- _Given information_:
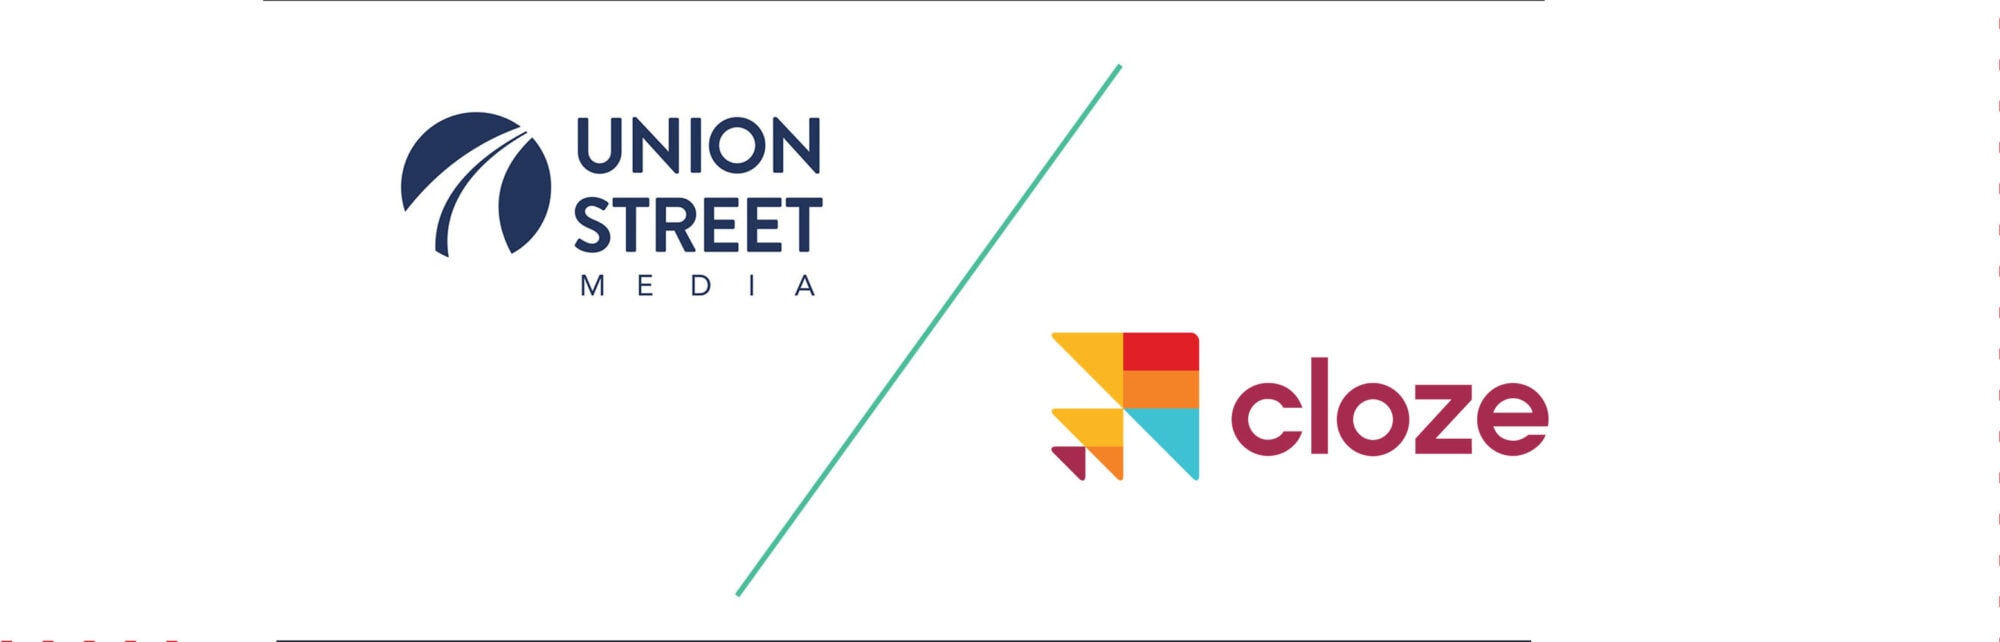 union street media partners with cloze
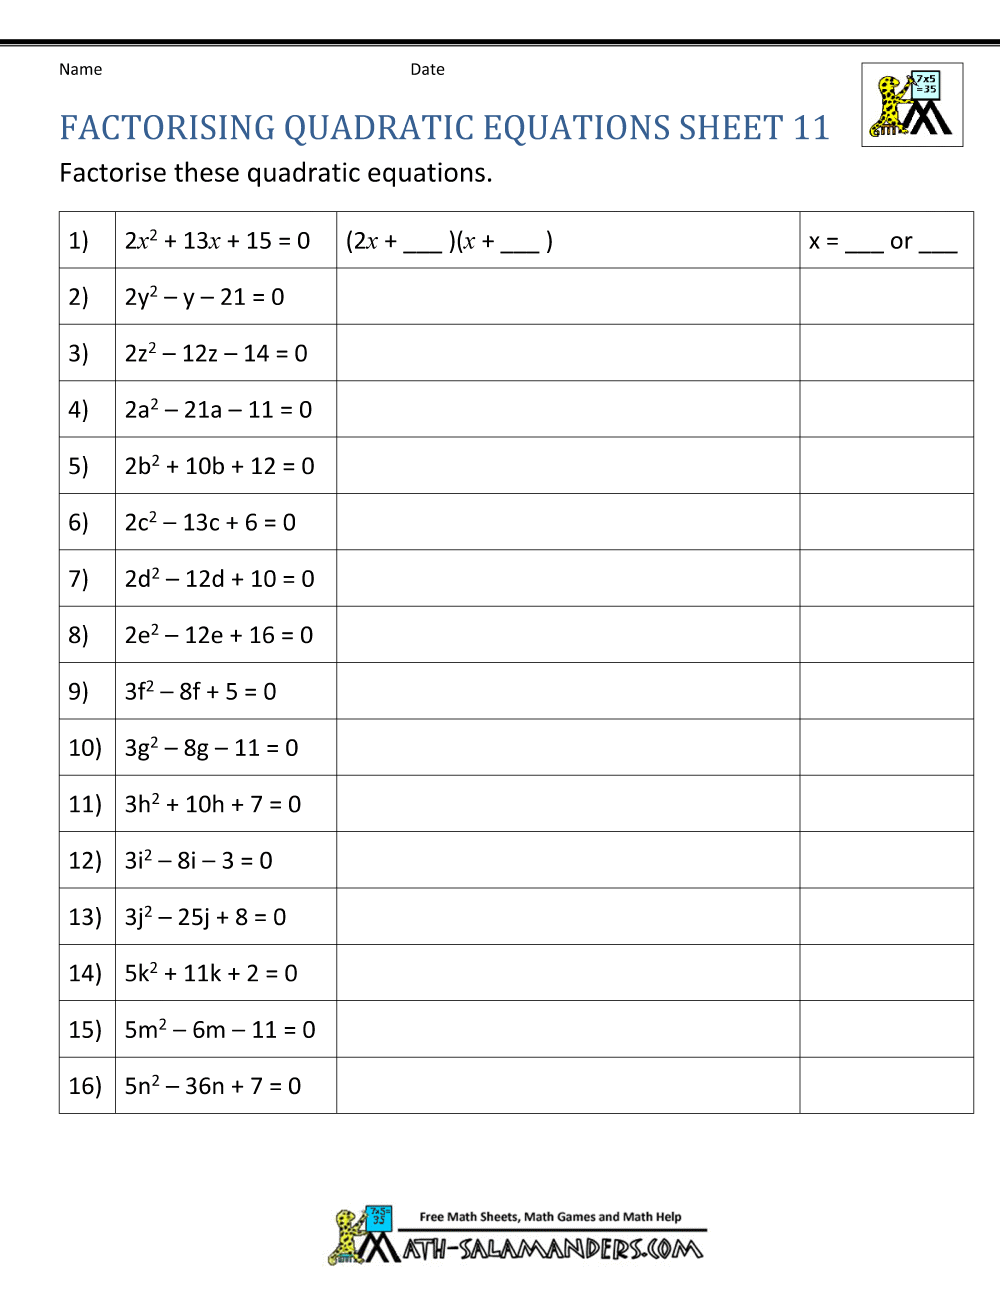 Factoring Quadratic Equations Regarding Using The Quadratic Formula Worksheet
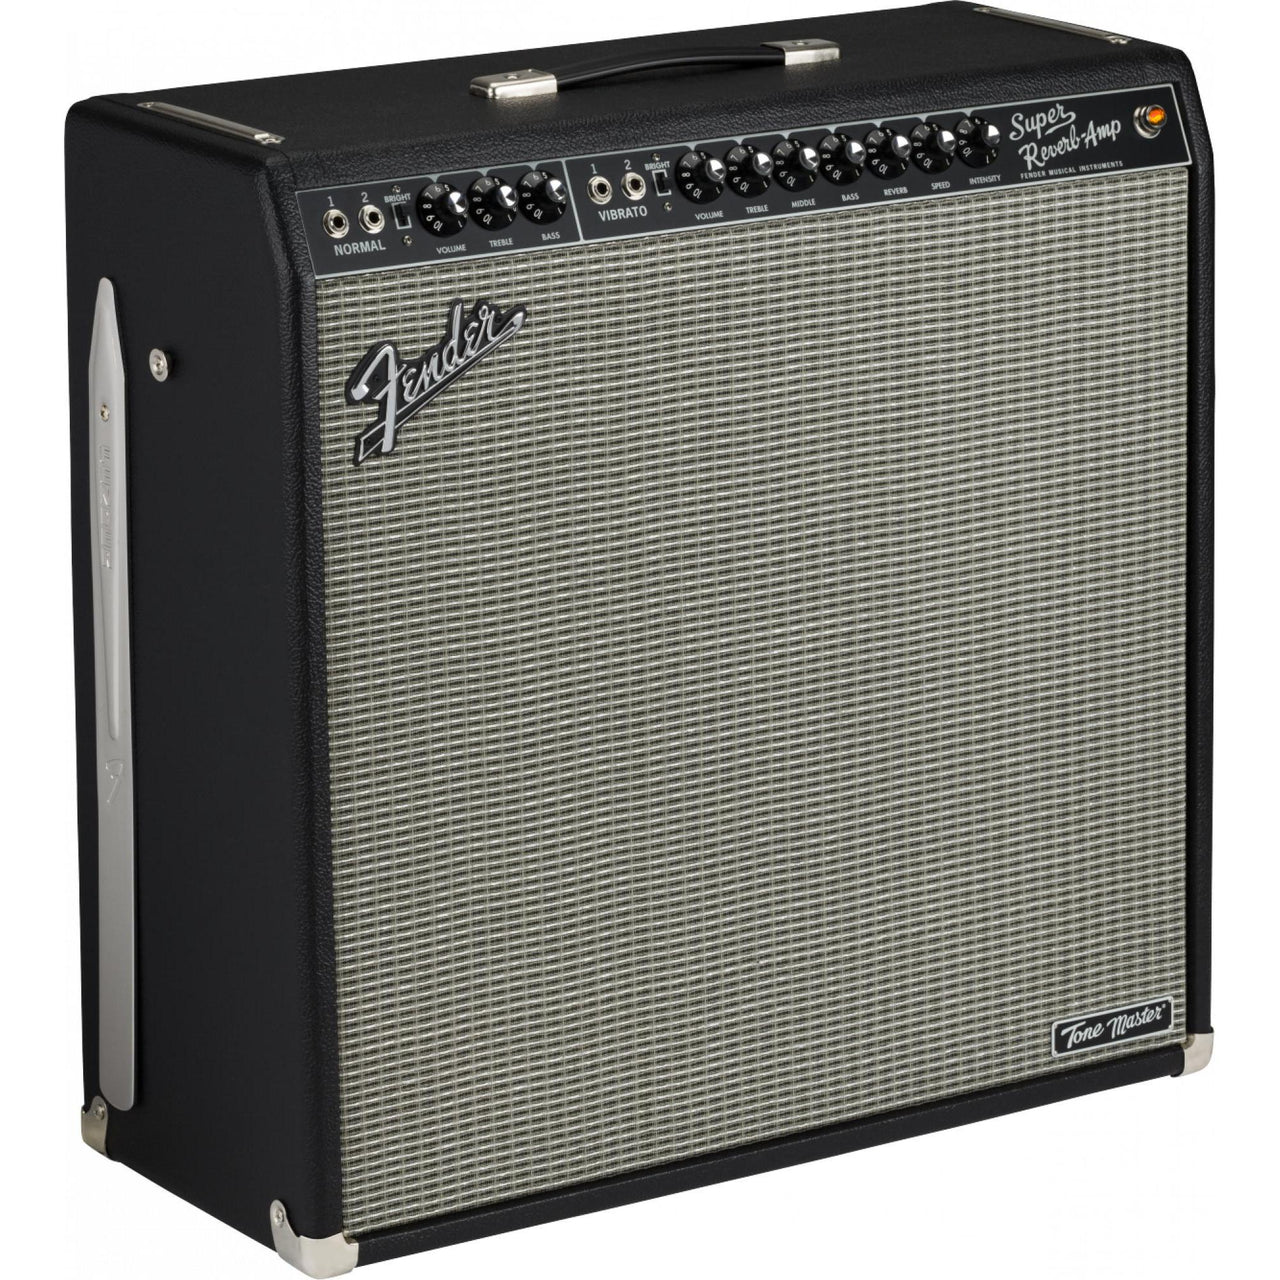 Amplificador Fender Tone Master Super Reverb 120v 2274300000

- _What to work on_: Take every line of the material and copy it exactly, leaving out the pictures.

- _Written solution_:
 union street media partners with cloze
 Factoring Quadratic Equations Regarding Using The Quadratic Formula Worksheet
 Amplificador Fender Tone Master Super Reverb 120v 2274300000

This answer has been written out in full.